Procédure devant la cour :
Par une requête enregistrée le 30 juin 2014, la SARL B...Frères, représentée par MeC..., demande à la cour :
1°) d'annuler ce jugement du tribunal administratif d'Orléans du 29 avril 2014 ;
2°) de prononcer la décharge partielle des cotisations supplémentaires d'impôt sur les sociétés mises à sa charge au titre des exercices clos en 2007, 2008 et 2009, d'autre part, des droits supplémentaires de taxe sur la valeur ajoutée mis à sa charge au titre de la période allant du 1er janvier 2008 au 31 décembre 2009 et, enfin, des pénalités correspondantes ;
3°) de mettre à la charge de l'Etat une somme de 3 000 euros au titre de l'article L. 761-1 du code de justice administrative.et le remboursement de la contribution à l'aide juridique acquittée tant devant le tribunal administratif d'Orléans que devant la cour.
Elle soutient que :
- elle a été privée d'un débat oral et contradictoire en ce qui concerne l'exercice clos en 2007 dès lors qu'elle n'a été informée des motifs de rehaussements qu'au cours de la réunion de synthèse qui s'est tenue postérieurement à l'envoi de la proposition de rectification ;
- la constitution d'une provision pour créance douteuse d'un montant de 64 192 euros était justifiée dans son principe au titre de chaque exercice ;
- le chiffre d'affaires qu'elle a déclaré au titre de l'exercice 2008 inclut, contrairement à ce que soutient l'administration fiscale, le produit de la vente de la construction de l'immeuble consentie au profit de son gérant, M. A...B... ;
- les apports en compte courant de M. B...sont justifiés ;
- les charges dont la déduction a été refusée à hauteur de 25 558 euros au titre de l'exercice clos en 2008 sont justifiées à hauteur de 23 920 euros ;
- les crédits inscrits sur le compte courant de M. B...correspondent aux débits du compte report à nouveau existant dans la comptabilité de la société B...et ne constituent pas en conséquence des distributions ;
- la pénalité pour manquement délibérée doit être déchargée dès lors qu'elle a justifié que l'opération de construction réalisée au profit de son gérant a été correctement comptabilisée au titre de l'année 2008.
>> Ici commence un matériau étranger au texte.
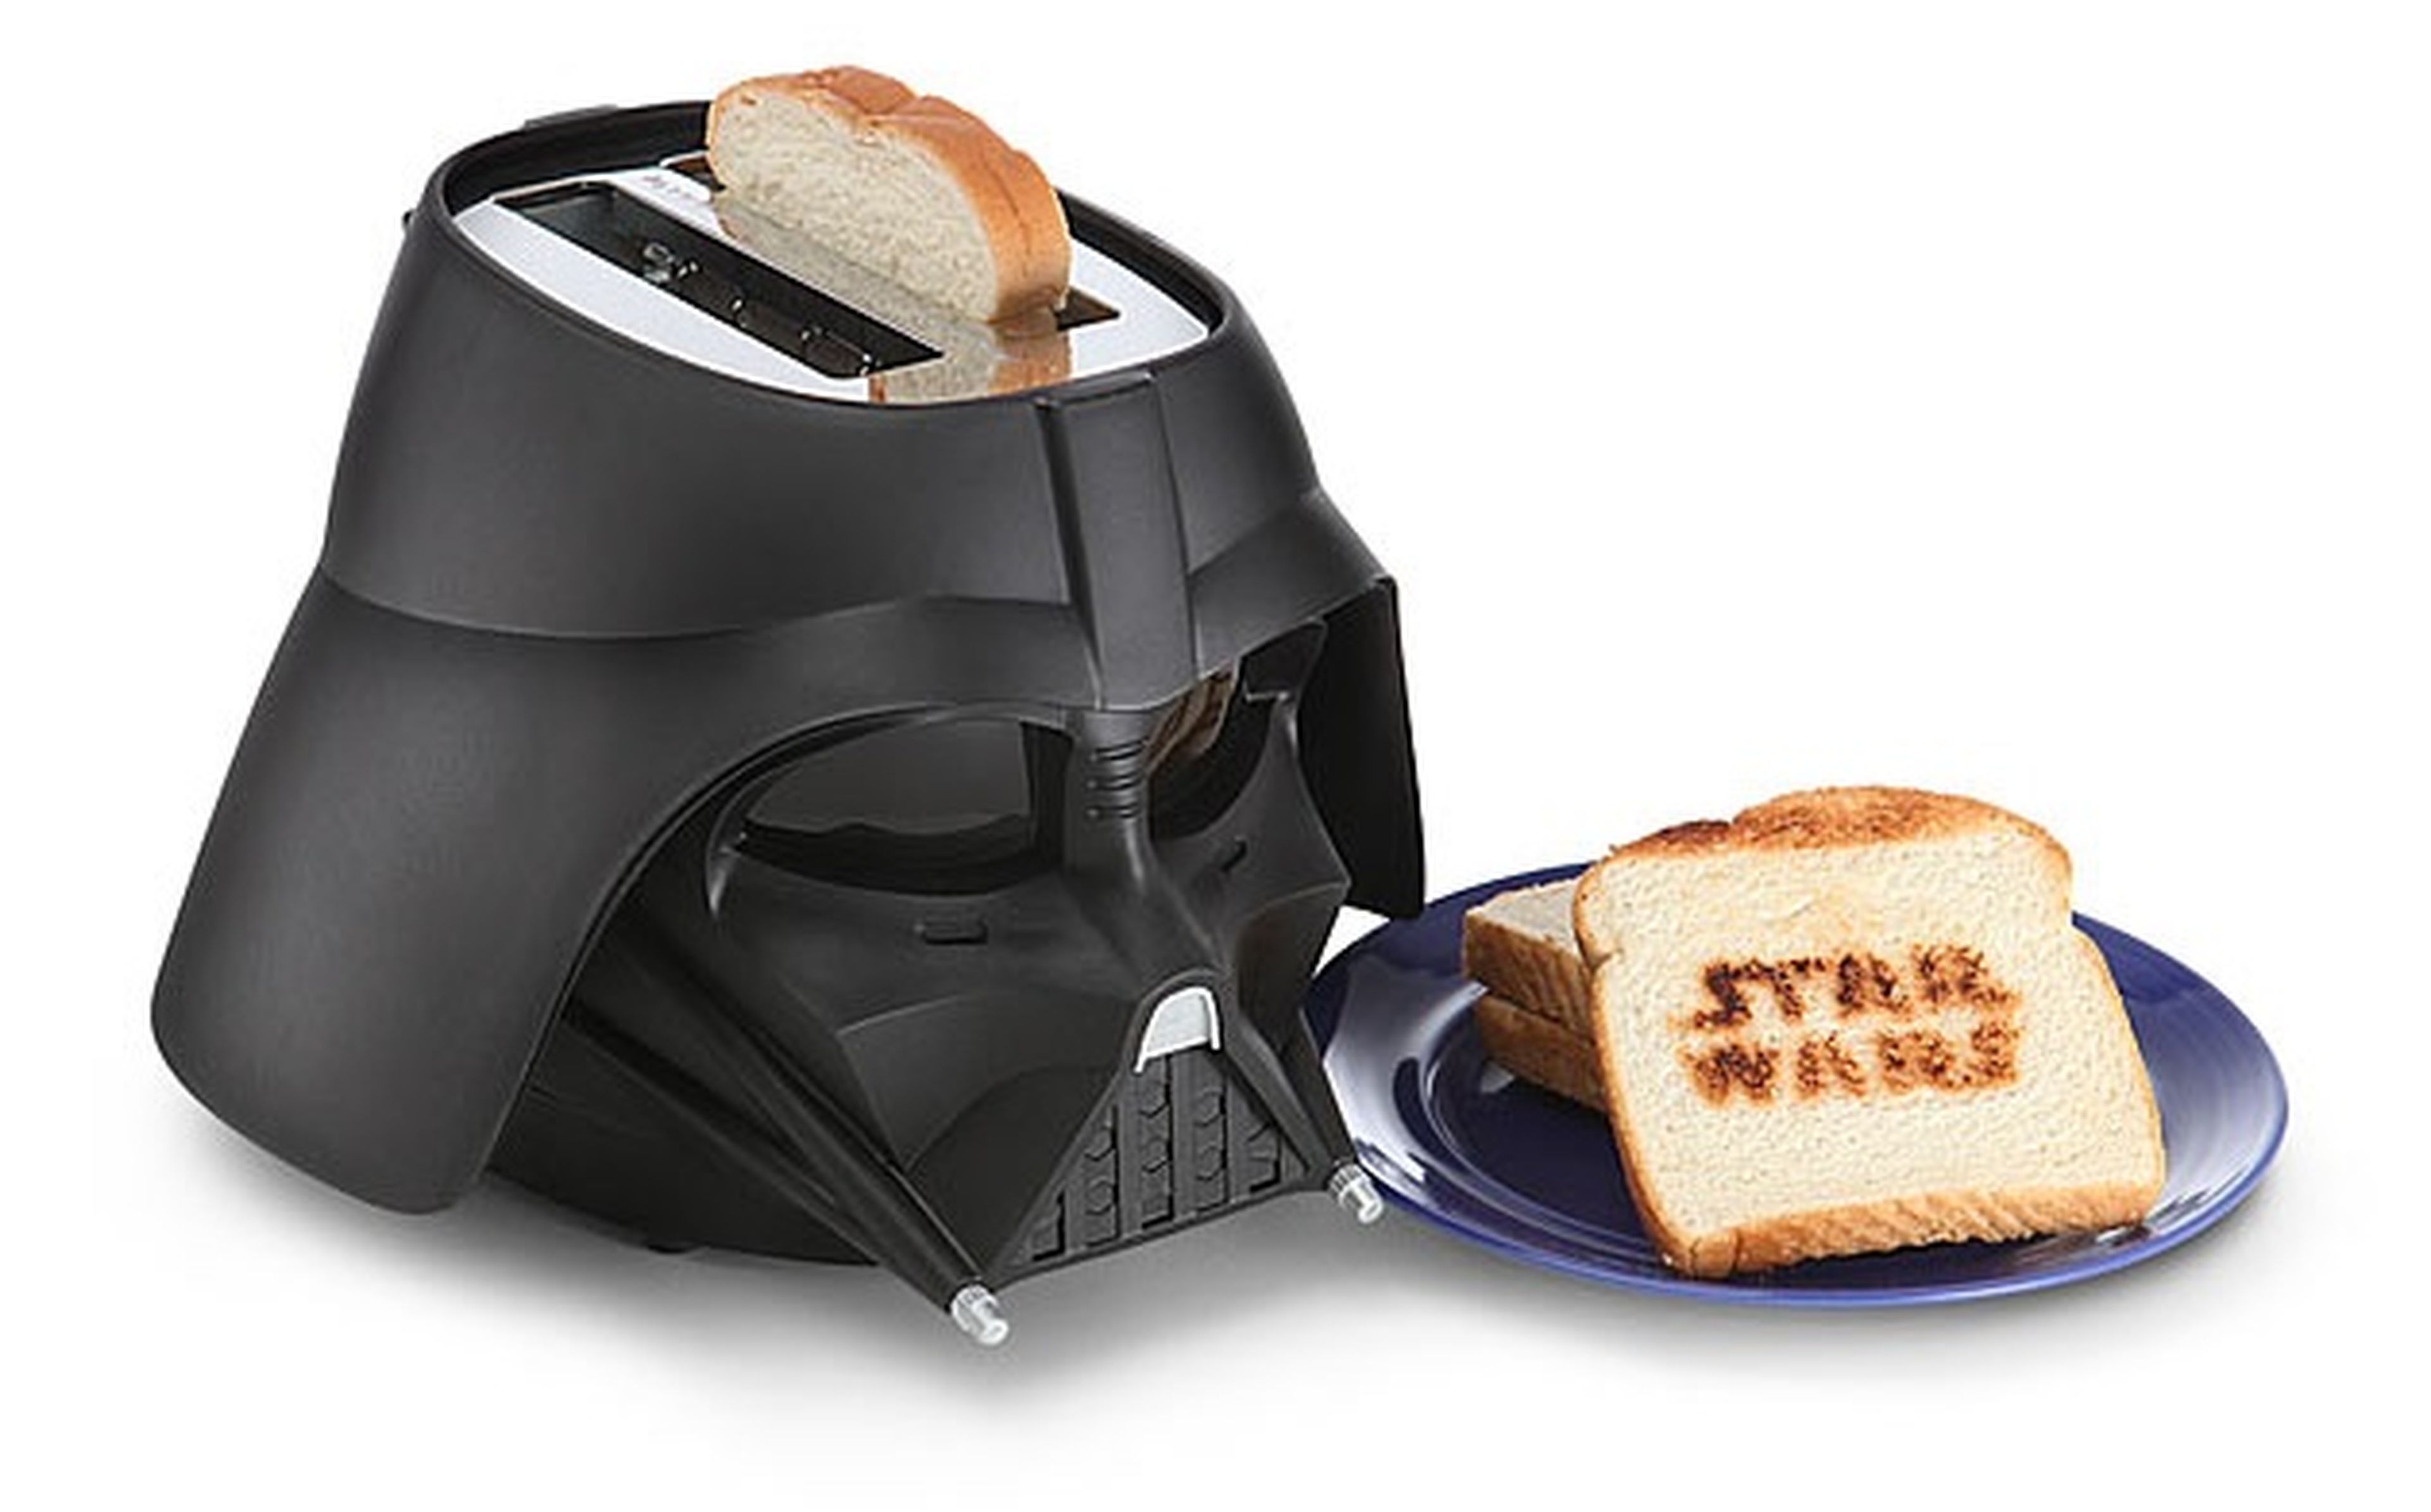 La tostadora de Darth Vader que convertirá tu pan al lado oscuro

Par un mémoire en défense, enregistré le 12 novembre 2014, le ministre des finances et des comptes publics conclut au rejet de la requête.
Il soutient que les moyens soulevés par la SARL B...Frères ne sont pas fondés.
Vu les autres pièces du dossier.
Vu :
- le code général des impôts et le livre des procédures fiscales ;
- le code de justice administrative.
Les parties ont été régulièrement averties du jour de l'audience.
Ont été entendus au cours de l'audience publique :
- le rapport de Mme Allio-Rousseau,
- et les conclusions de Mlle Wunderlich, rapporteur public.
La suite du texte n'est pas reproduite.